Finite impulse response (FIR) filters are important blocks in digital signal processing (DSP) and communications systems. These filters are used to perform a wide variety of tasks such as spectral shaping, matched filtering, noise rejection, channel equalization, wavelet decompositions/reconstructions, subband decompositions/reconstructions, etc.

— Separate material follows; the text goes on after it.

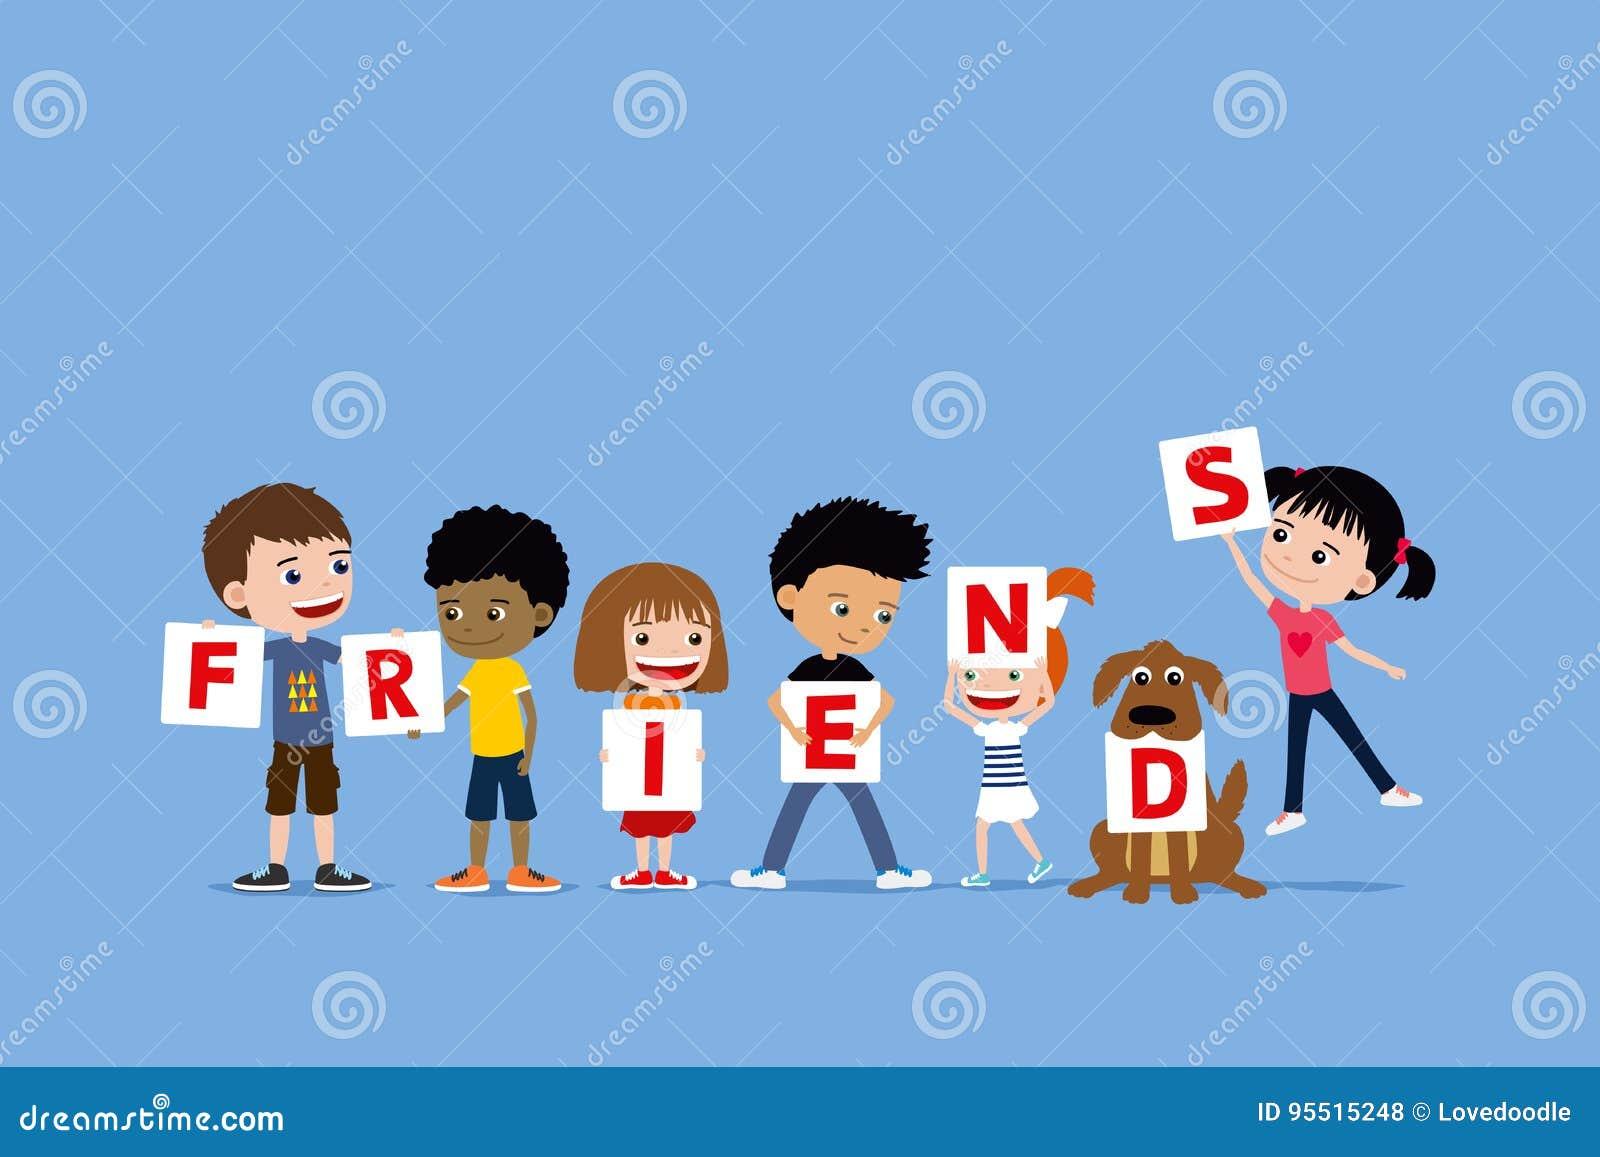 Gruppen av barn och ett hundinnehav märker att säga vänner Gullig olik tecknad filmillustration av små flickor och pojkar

Reconfigurability can be obtained in programmable FIR filters by using variable-length delay lines [1] and register files [2]. Using register files results in reduced data movement in the filter compared to variable-length delay lines, resulting in lower power consumption. Whereas the architecture in [2] only supports FIR filters followed by decimation, this paper describes an architecture that can reconfigured to implement a wide variety of single-rate and multirate programmable FIR filters, and we demonstrate how to derive the control signals for the architecture. The architecture has the speed/area/power advantages of a custom filter implementation, and can be used in applications where latency is critical, such as adaptive filters. The proposed architecture also has properties which are desirable for VLSI implementation, namely, it is scalable, modular, and has only local interconnection of control and data signals.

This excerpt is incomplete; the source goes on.